= Castleknock (civil parish) =

Parish in County Dublin, Ireland

Castleknock is a civil parish and a townland located in the south-western corner of the modern county of Fingal, Ireland. The civil parish is part of the ancient barony of Castleknock. It is centred on the suburban village of Castleknock. The townland of Castleknock itself is the location of the eponymous "Cnucha's Castle" – Castleknock Castle. The town with the biggest population in the parish is Blanchardstown. In geology, the parish rests on a substratum of limestone and comprises 2943 statute acres, the whole of which is arable land.

==History==
In 1831, there were 4251 inhabitants in the parish of whom 3409 were Catholics. Lewis' Topography of Ireland of 1837 reported the same number of inhabitants. Lewis recorded that Abbotstown demesne was the most notable seat in the parish. It was the residence of the Falkiner baronets who later married into the neighbouring Hamilton family. In 1897, Ion Trant Hamilton was ennobled as Baron HolmPatrick

===Ecclesiastical parishes===
Like all civil parishes, this civil parish is derived from, and co-extensive with a pre-existing ecclesiastical parish of the same name, as used in the Church of Ireland. Along with other civil parishes in Ireland, its use as a unit of the local administrative unit was gradually replaced by the creation of Electoral Divisions in the Local Government (Ireland) Act 1898. The parish formerly belonged to the priory of Malvern, in Worcestershire. In 1773, an act of the Privy Council united the parish with the curacies of Clonsilla and Mulhuddart. The living (of the ecclesiastical parish) was a vicarage in the Diocese of Dublin which was: "... endowed with a portion of the great tithes, and united to the prebend of Castleknock and the rectory of Clonsillagh and curacy of Mullahidart, with cure of souls: it is in the patronage of the Bishop." In 1837, the tithes amounted to £560.

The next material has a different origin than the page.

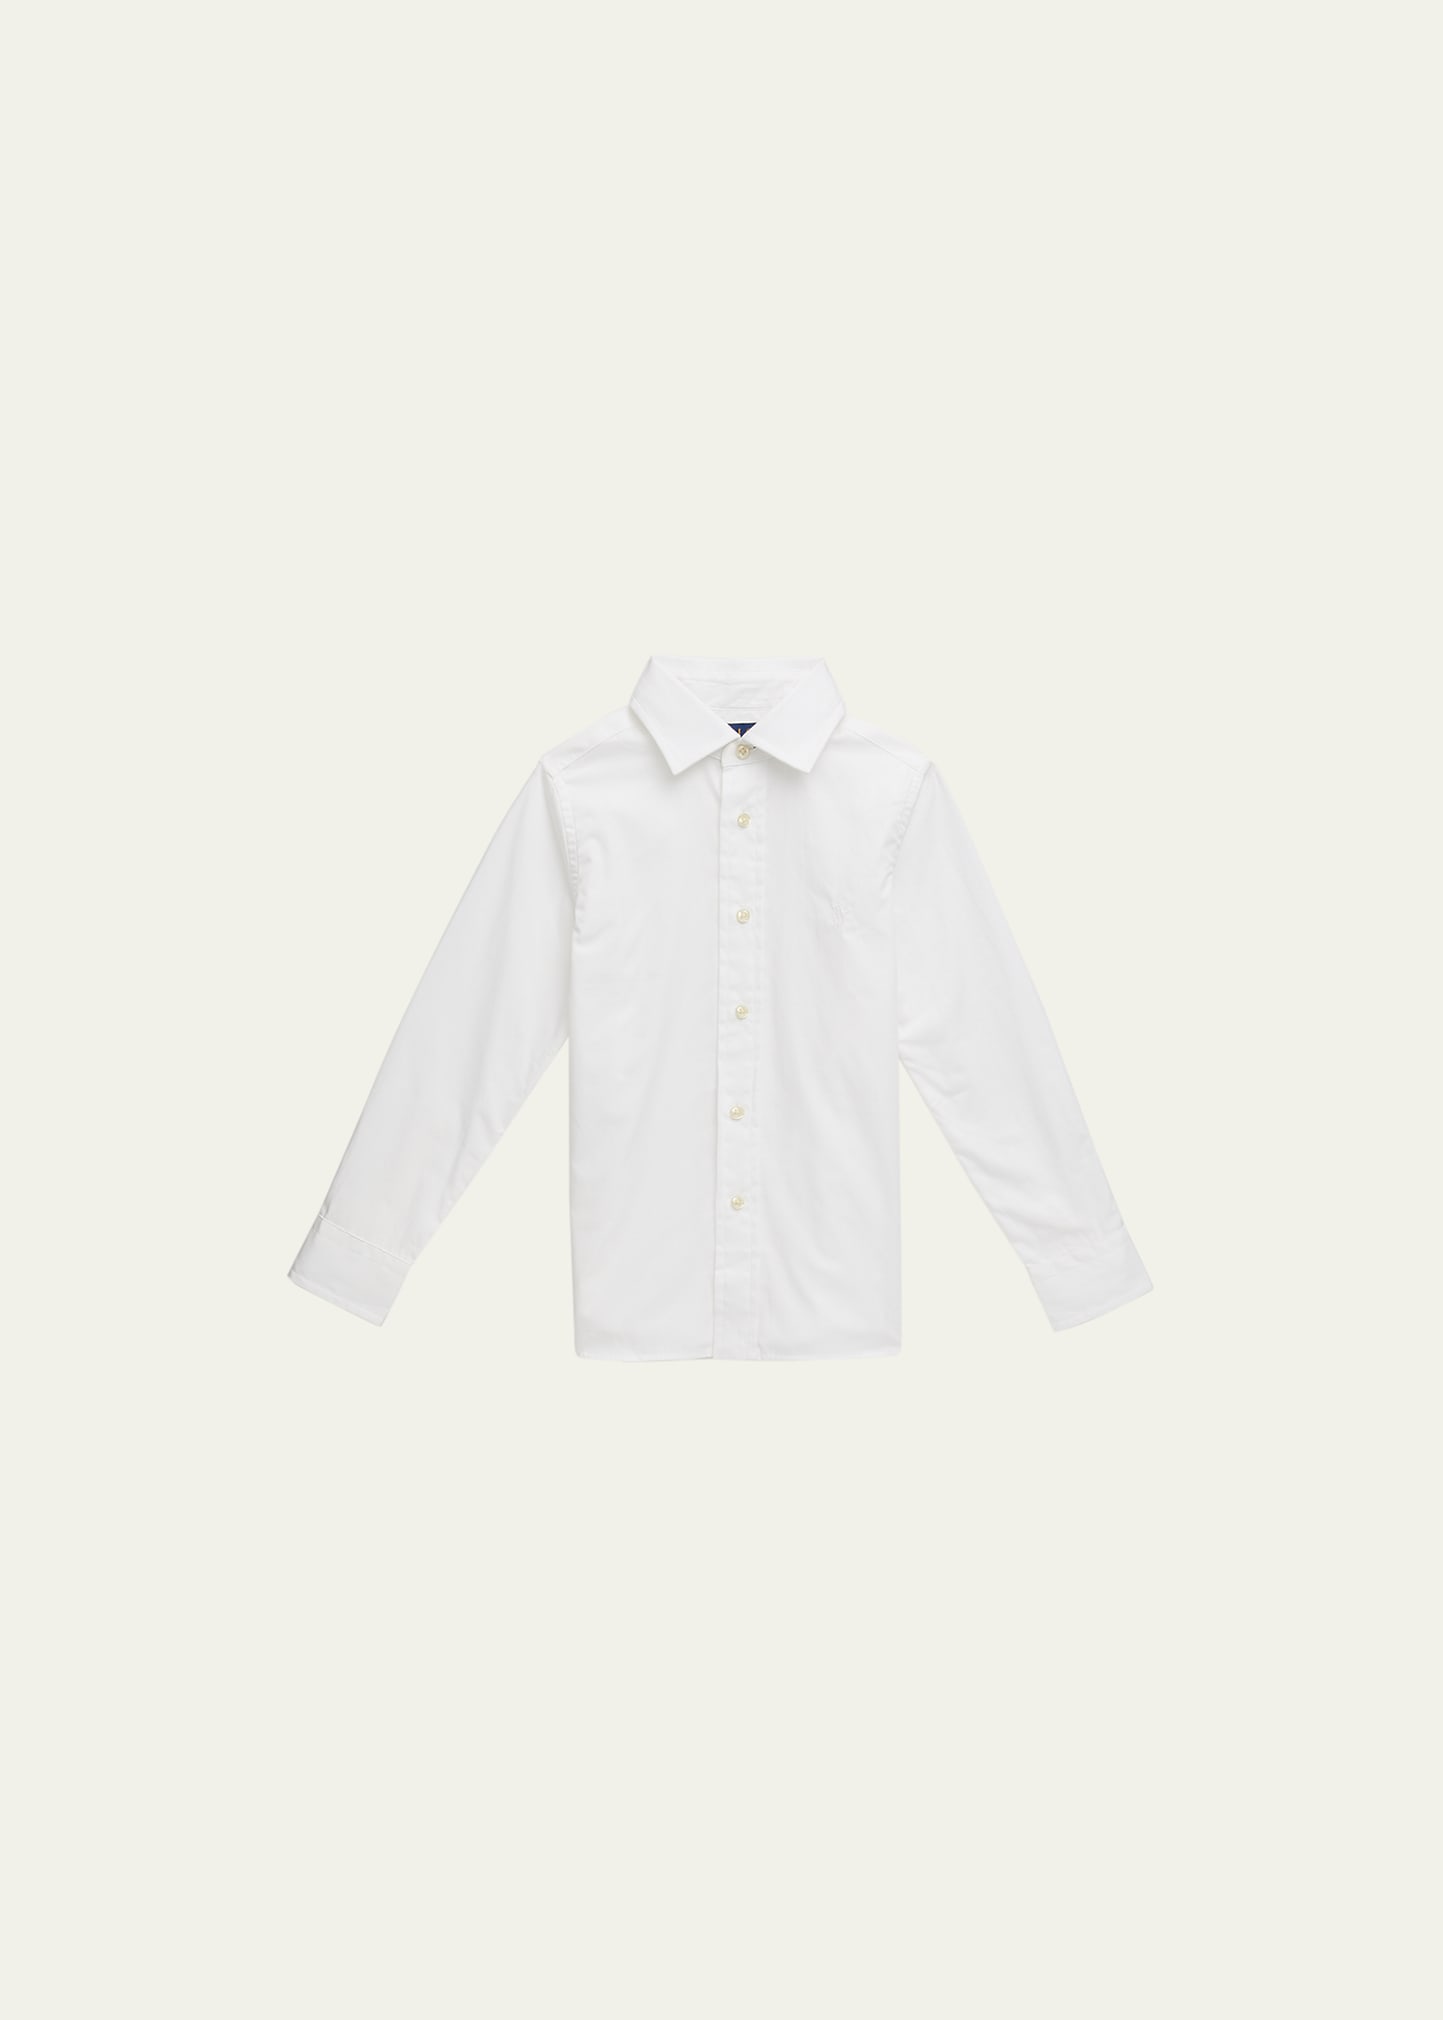 Ralph Lauren Kids' Boy's Poplin Embroidered Dress Shirt In White

In the Church of Ireland, the Archdiocese of Dublin unites Castleknock and Mulhuddart in the "Grouped Parishes of Castleknock and Mulhuddart with Clonsilla". There are three extant church buildings that are still in use by the grouped parish:
- St. Brigid's, Castleknock, situated in the centre of Castleknock. The building – a listed national monument – was completed in 1870. It was rebuilt by a loan of £1000 from the Board of First Fruits and large subscriptions, in 1810. It features a three-stage tower to the west gable with a Gothic tympanum at the entrance and a stained glass window by Harry Clarke that is dedicated to Saint Hubert.
- St. Thomas', Mulhuddart, situated on the Kilbride Road near Hollystown Golf Club. The building – a listed national monument – was constructed in 1870. It features a polygonal bell tower in the south corner.
- St. Mary's, Clonsilla, situated at the western end of the Clonsilla Road near Clonsilla railway station. The building – a listed national monument – was constructed in 1846. It features stained glass windows by Evie Hone.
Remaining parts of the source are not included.